I took the backup of the app and restored it in my local docker as fresh copy and the query seems to be working. Also on the problem app, there is no error logs or anything that make sense comes out of it.

I just like to check if anyone ever experience this kind of 502 error in squidex or know any possible cause of it?

Environment

  • [ x ] Self hosted with docker

Version: 4.3

Browser:

  • [ x ] Chrome (desktop)

Do you have something in front of squidex? like nginx or load balancer or so? If yes, I would check the logs of these services. My assumption is that the response headers get too large or so.

Our devops says:

we run squidex in google kubernetes, we have a nginx ingress in front of squidex

He’s trying with all versions from 4.0.3 and above. It seems to work be working for 4.1.
I’ll let him try other versions and update the finding tomorrow.

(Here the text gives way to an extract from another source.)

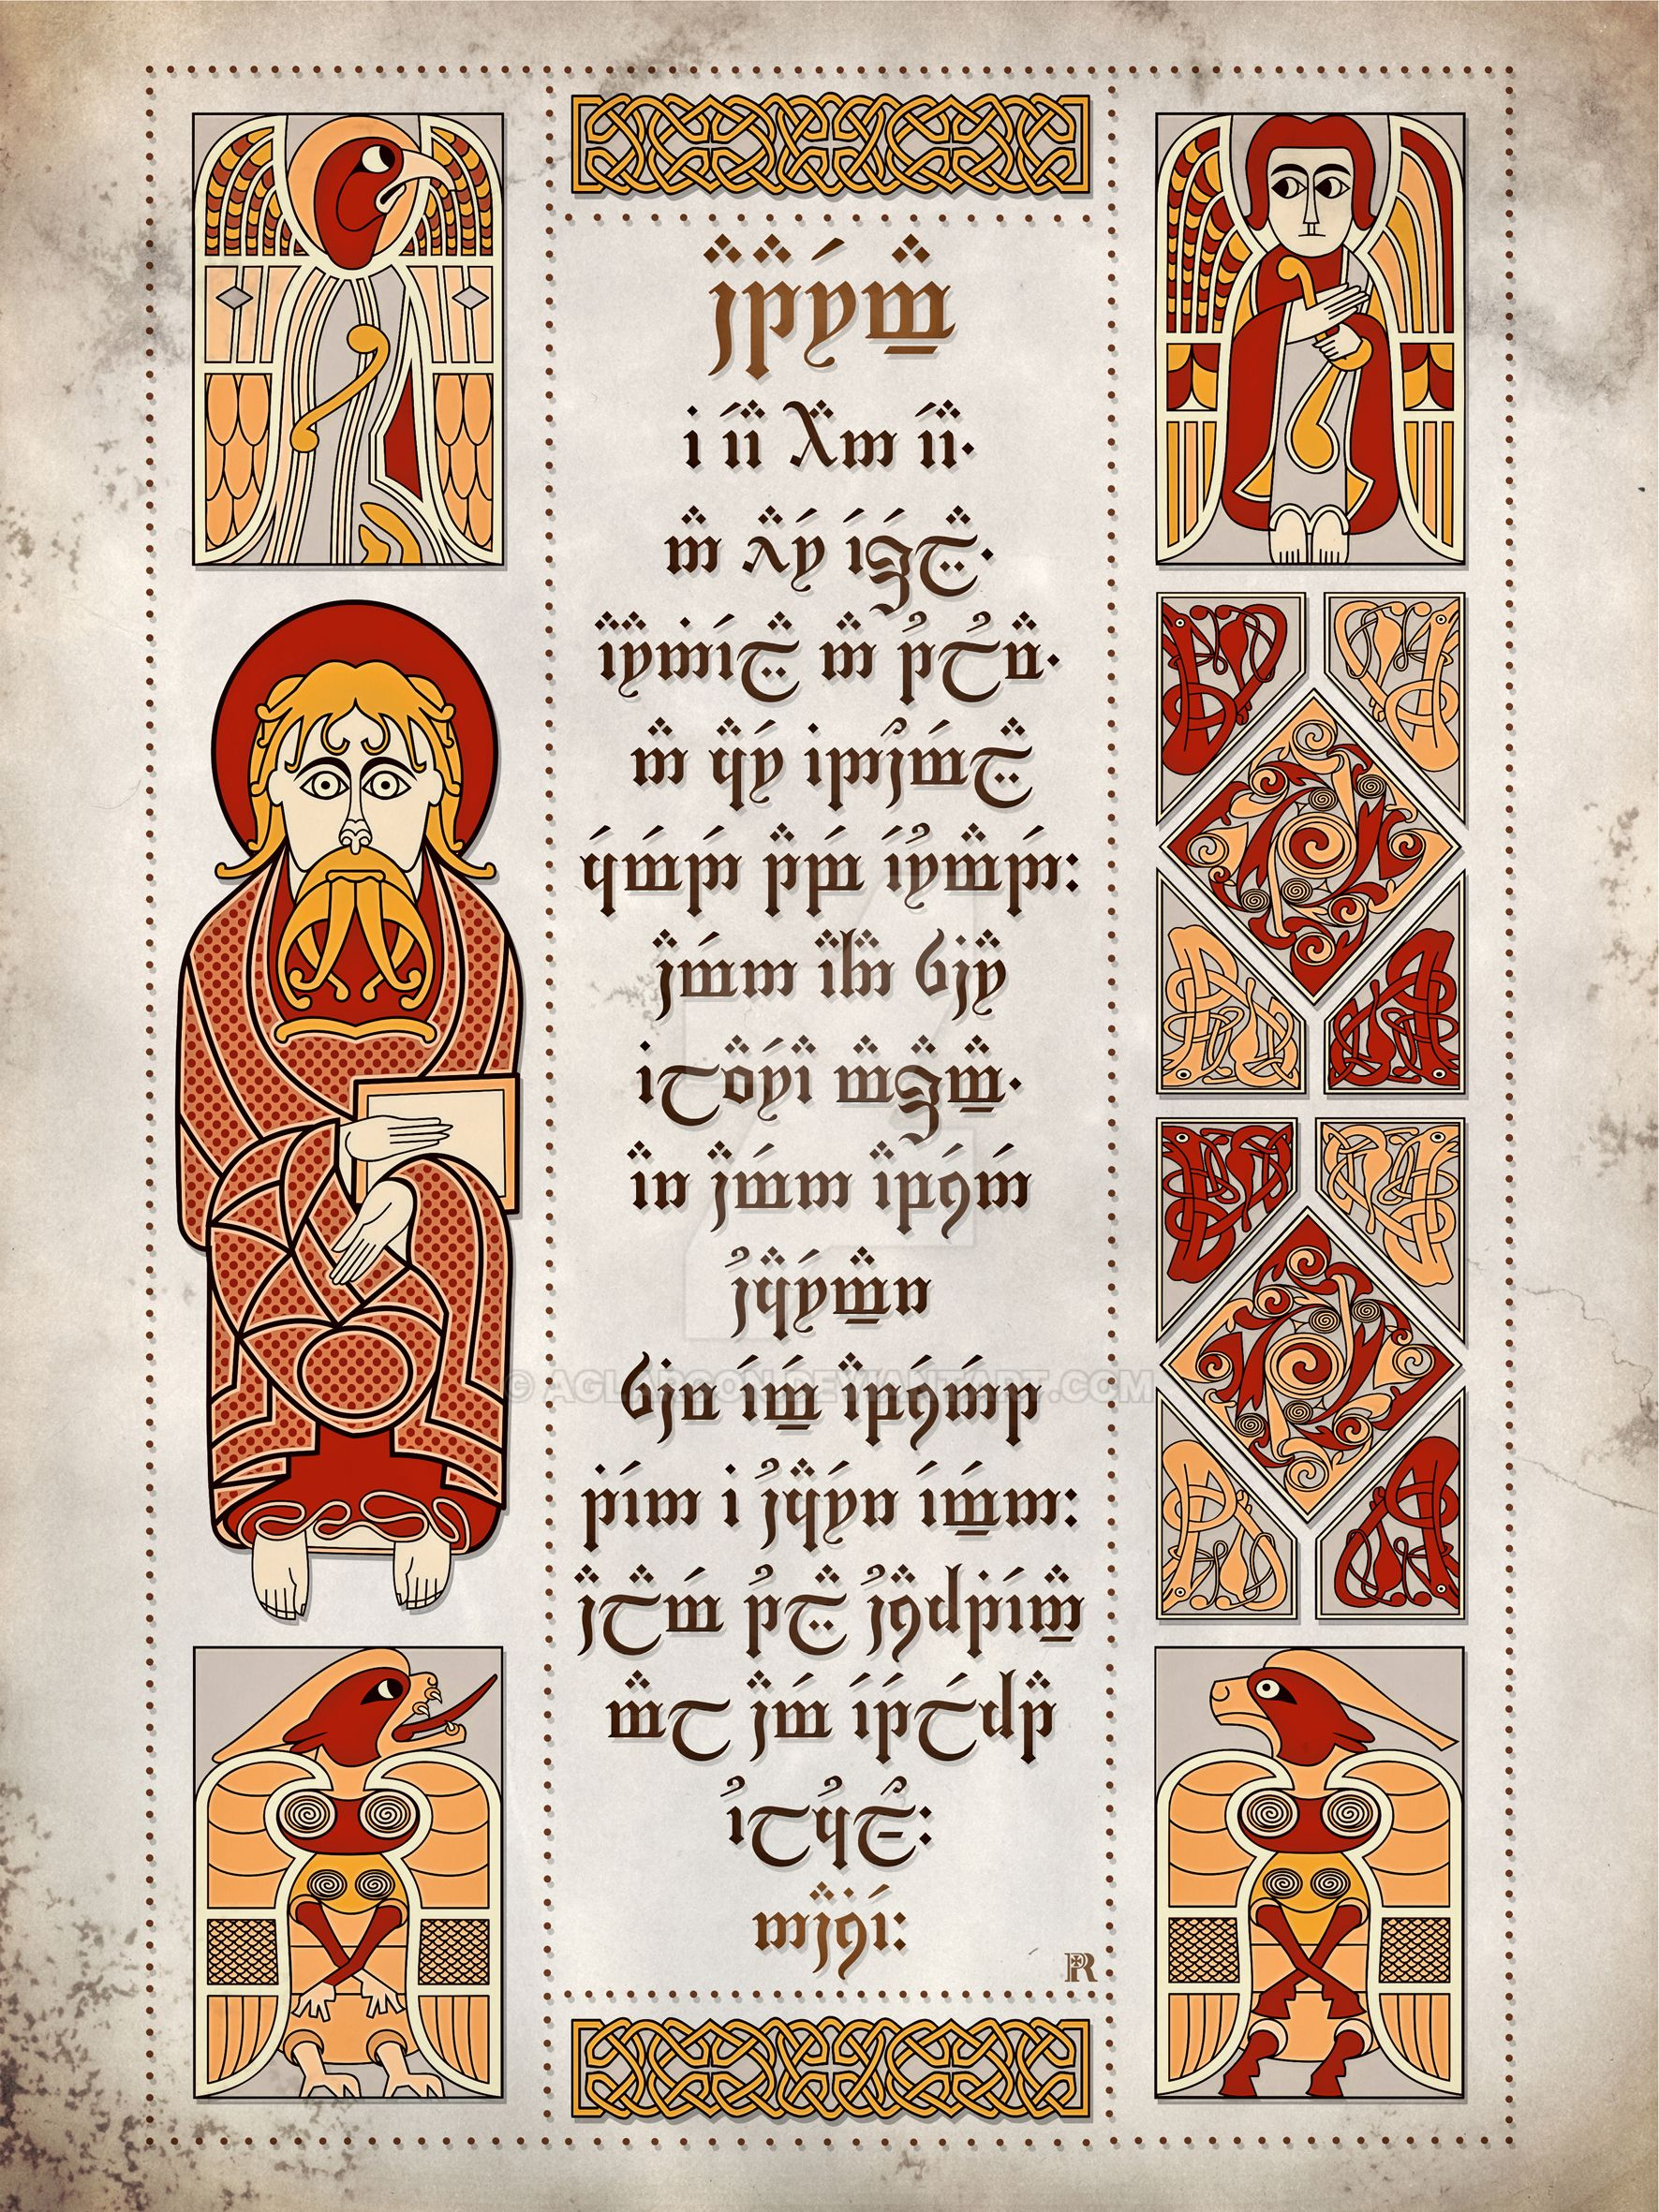 Ataremma VI - The Lords Prayer in Quenya Tolkien by Aglargon

He should check nginx first.

These are the configs I found and i think they are more than enough?

nginx.ingress.kubernetes.io/proxy-body-size: 50m
nginx.ingress.kubernetes.io/proxy-buffer-size: 8k

Should be, I can only speak about my experience. When you search the forum for 502 Bad Gateway it was always nginx…

Thanks for the prompt reply @Sebastian :slight_smile:

To add more details to @mayvelous’ description:

  1. We manage Squidex deployment with helm 2 in google cloud Kubernetes cluster
  2. We have a Nginx ingress in gke, it redirects traffic to Squidex

We were using 4.0.2 before, the GraphQL query shown in May’s screenshot worked very well since beginning, imho, it shouldn’t be Nginx config issue, I also have attempted to upgrade to Squidex 4.1.3, I can confirm that works well too.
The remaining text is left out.